不動産売却に影響を与える心理的瑕疵とは?告知義務違反のリスクも解説

不動産を売却する場合、築年数や間取りなど、さまざまな条件によって売却価格が決まります。
こうした条件の1つに挙げられるのが、室内外の不具合や劣化などの瑕疵です。
そこで今回は、瑕疵のなかでも注意したい心理的瑕疵とはどのようなものなのか、売却価格に与える影響と告知義務に違反するリスクを解説します。
▼ 不動産売却をしたい方はこちらをクリック ▼
売却査定フォームへ進む
不動産売却前に知りたい心理的瑕疵とは

不動産売却でトラブルを避けるためには、心理的瑕疵とはどのようなものなのかをチェックしておきましょう。
心理的瑕疵とは何を意味する?
心理的瑕疵とは、住む方に不安や恐怖を与えるような不具合を指す言葉です。
心理的瑕疵は、壁の穴や床のへこみと違い、目に見える不具合ではありません。
過去のできごとが原因で心理的抵抗を覚える住宅が、心理的瑕疵のある物件とされています。

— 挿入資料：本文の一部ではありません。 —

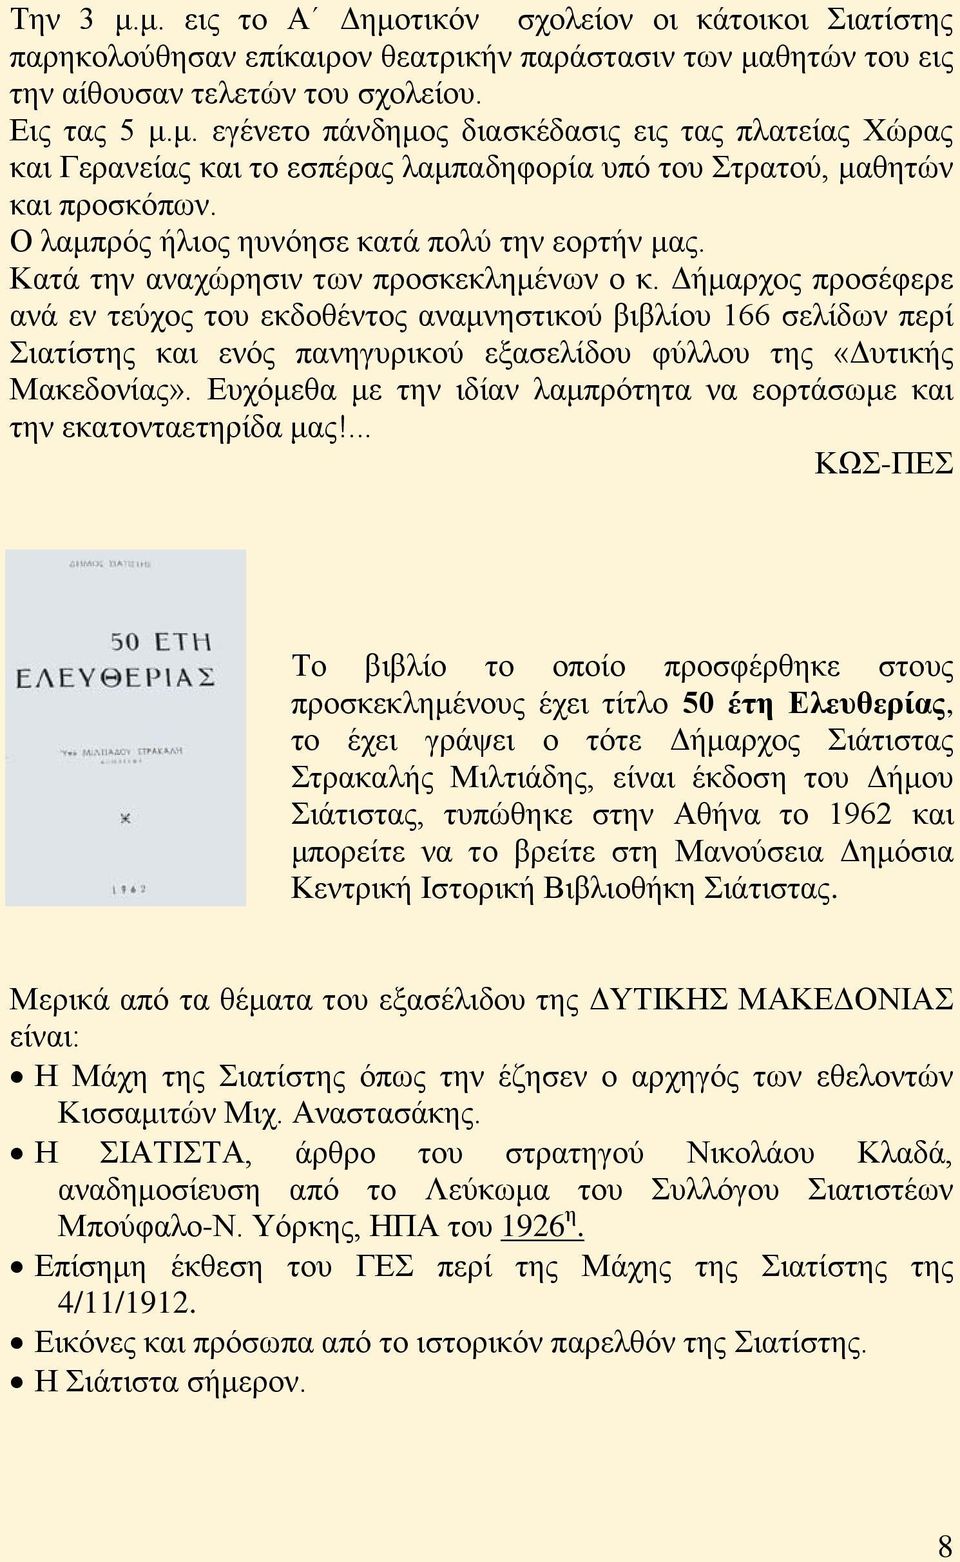 Δήμαρχος προσέφερε ανά εν τεύχος του εκδοθέντος αναμνηστικού βιβλίου 166 σελίδων περί Σιατίστης και ενός πανηγυρικού εξασελίδου φύλλου της «Δυτικής Μακεδονίας».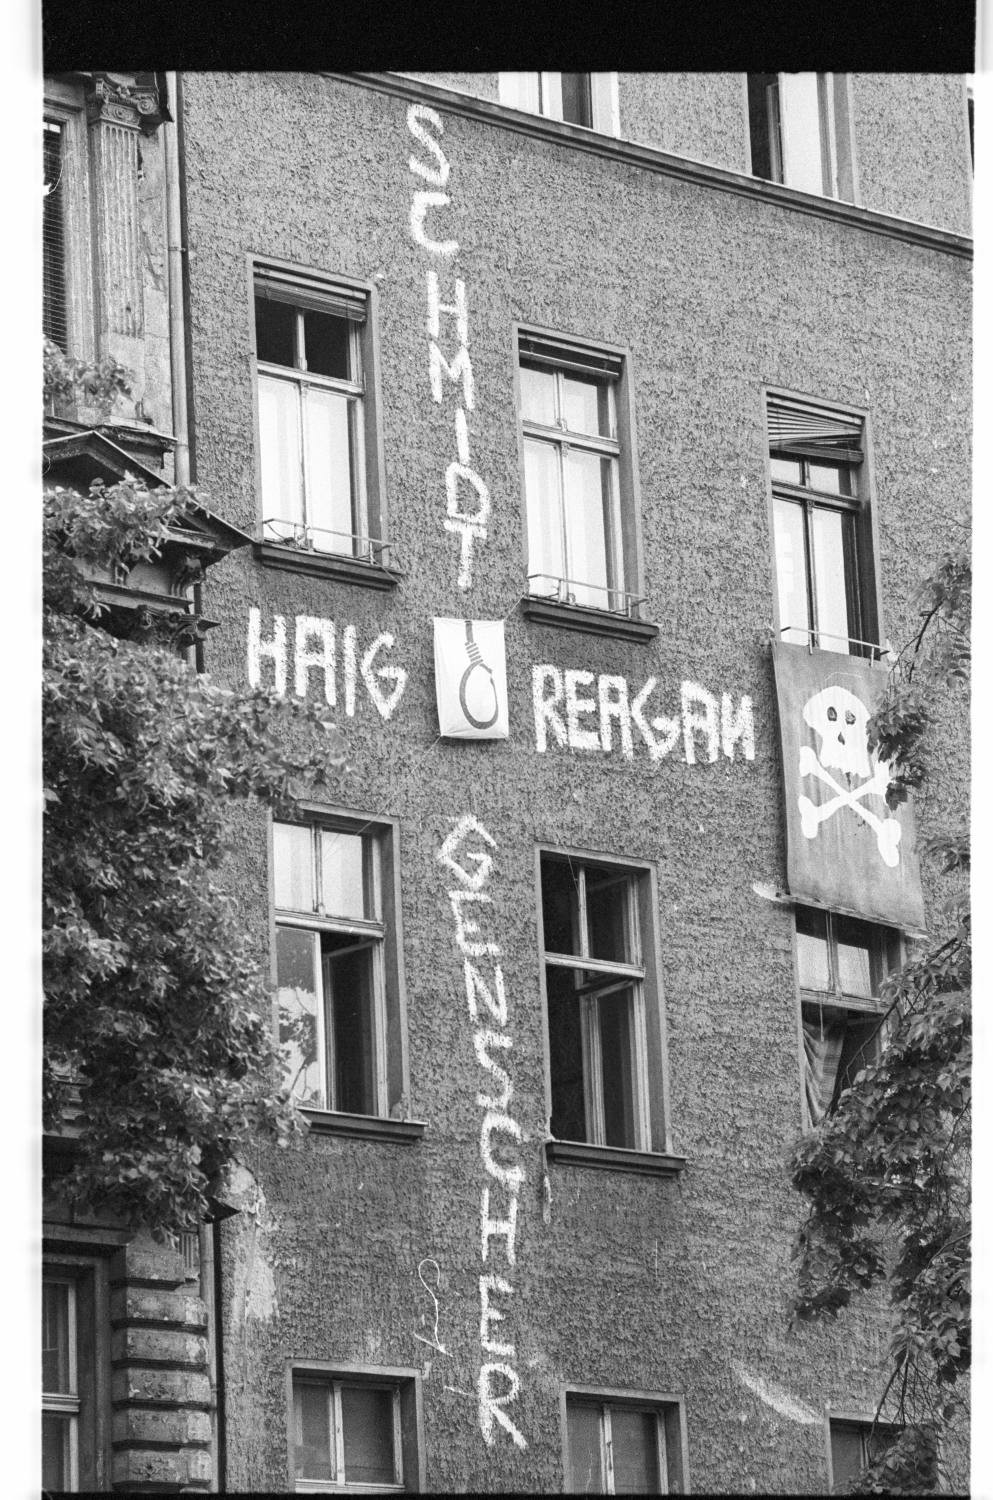 Kleinbildnegative: Anti-Reagan-Transparente, 1982 (Museen Tempelhof-Schöneberg/Jürgen Henschel RR-F)

心理的瑕疵がある不動産の代表的なものが、いわゆる事故物件です。
死亡事故・死亡事件が発生した不動産は、心理的瑕疵がある不動産だと判断され、告知義務が課せられます。
人が亡くなっても事故物件にならないケース
心理的瑕疵とは、単純に人が亡くなったことがある不動産全般を指す言葉ではありません。
過去の事故・事件が理由で、一般的に住みにくいと感じられる不動産などが、心理的瑕疵のある物件の代表例です。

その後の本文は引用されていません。